Question

The work to be done to blow a soap bubble of radius $3 \times 10^{-3}$ m is nearly
(Surface tension of soap solution = $20 \times 10^{-3}$ N m$^{-1}$)

• A. $4.5 \times 10^{-4}$ J
• B. $4.5 \times 10^{-5}$ J
• C. $4.5 \times 10^{-6}$ J
• D. $4.5 \times 10^{-7}$ J

Hint:

When calculating work done to form a soap bubble, remember to account for both the inner and outer surfaces, doubling the surface area.

Answer 1

The Correct Option is C

The work done to blow a soap bubble is the energy required to increase its surface area. A soap bubble has two surfaces (inner and outer), so the total surface area is \( 2 \times 4\pi r^2 \). Given \( r = 3 \times 10^{-3} \) m, surface area = \( 2 \times 4\pi (3 \times 10^{-3})^2 = 8\pi \times 9 \times 10^{-6} = 72\pi \times 10^{-6} \) m\(^2\).
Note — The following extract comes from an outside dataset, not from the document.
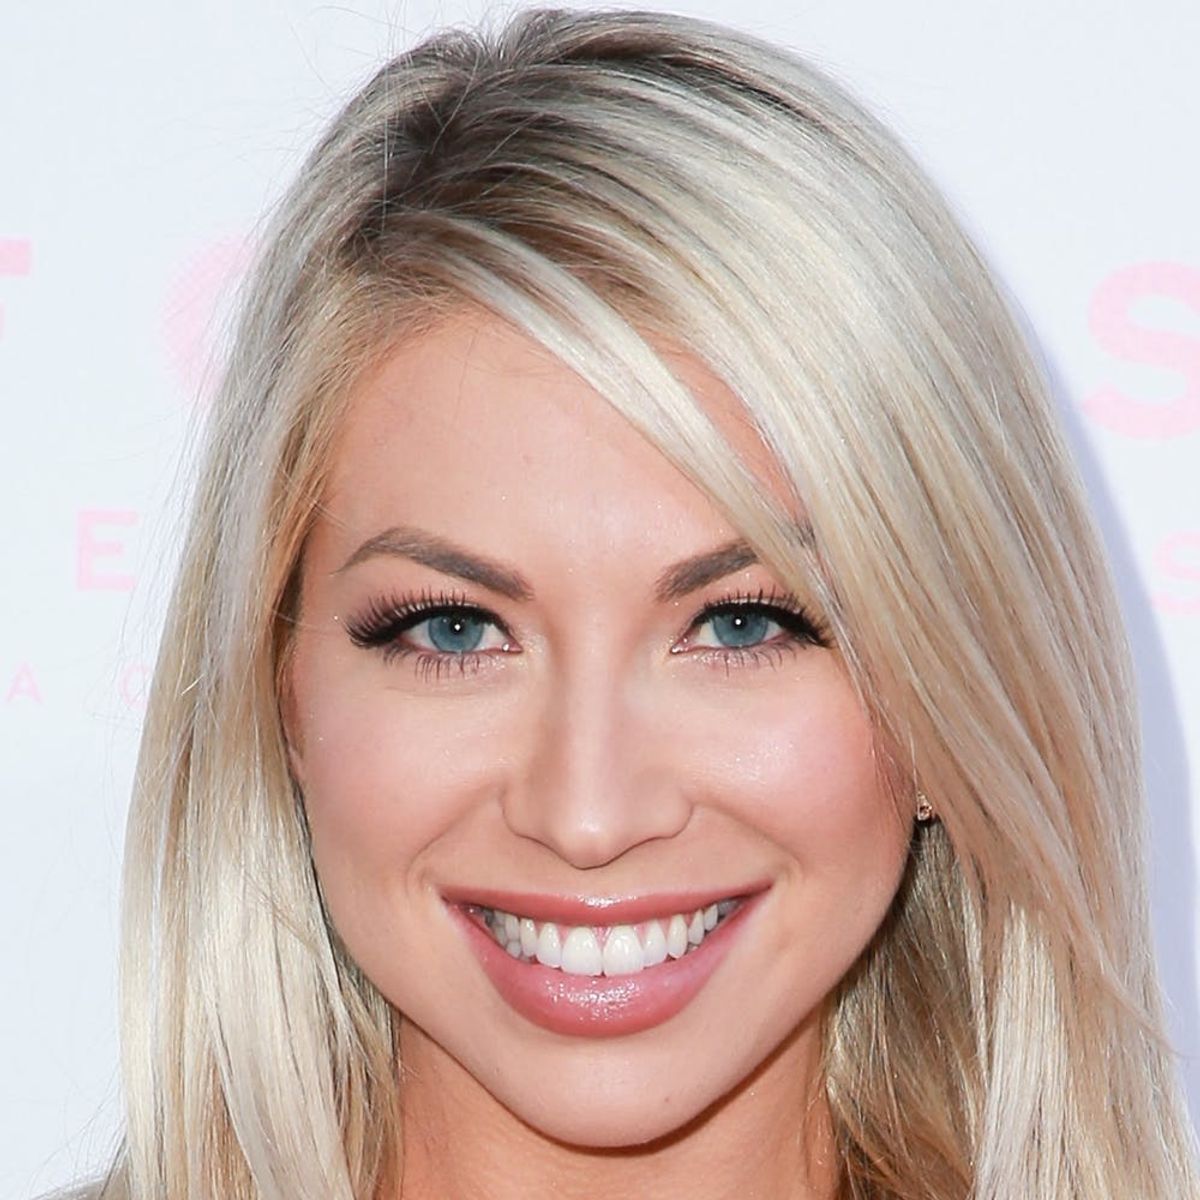 “Vanderpump Rules” Star Stassi Schroeder Loses Endorsements Over Controversial Remarks on the #MeToo Campaign

Surface tension \( \sigma = 20 \times 10^{-3} \) N/m. Work done = surface tension \(\times\) surface area = \( (20 \times 10^{-3}) \times (72\pi \times 10^{-6}) = 20 \times 72\pi \times 10^{-9} = 1440\pi \times 10^{-9} \approx 4523 \times 10^{-9} = 4.523 \times 10^{-6} \) J, which is closest to \( 4.5 \times 10^{-6} \) J.

Thus, the work done is approximately \( 4.5 \times 10^{-6} \) J, suggesting option 3 is correct, but please confirm.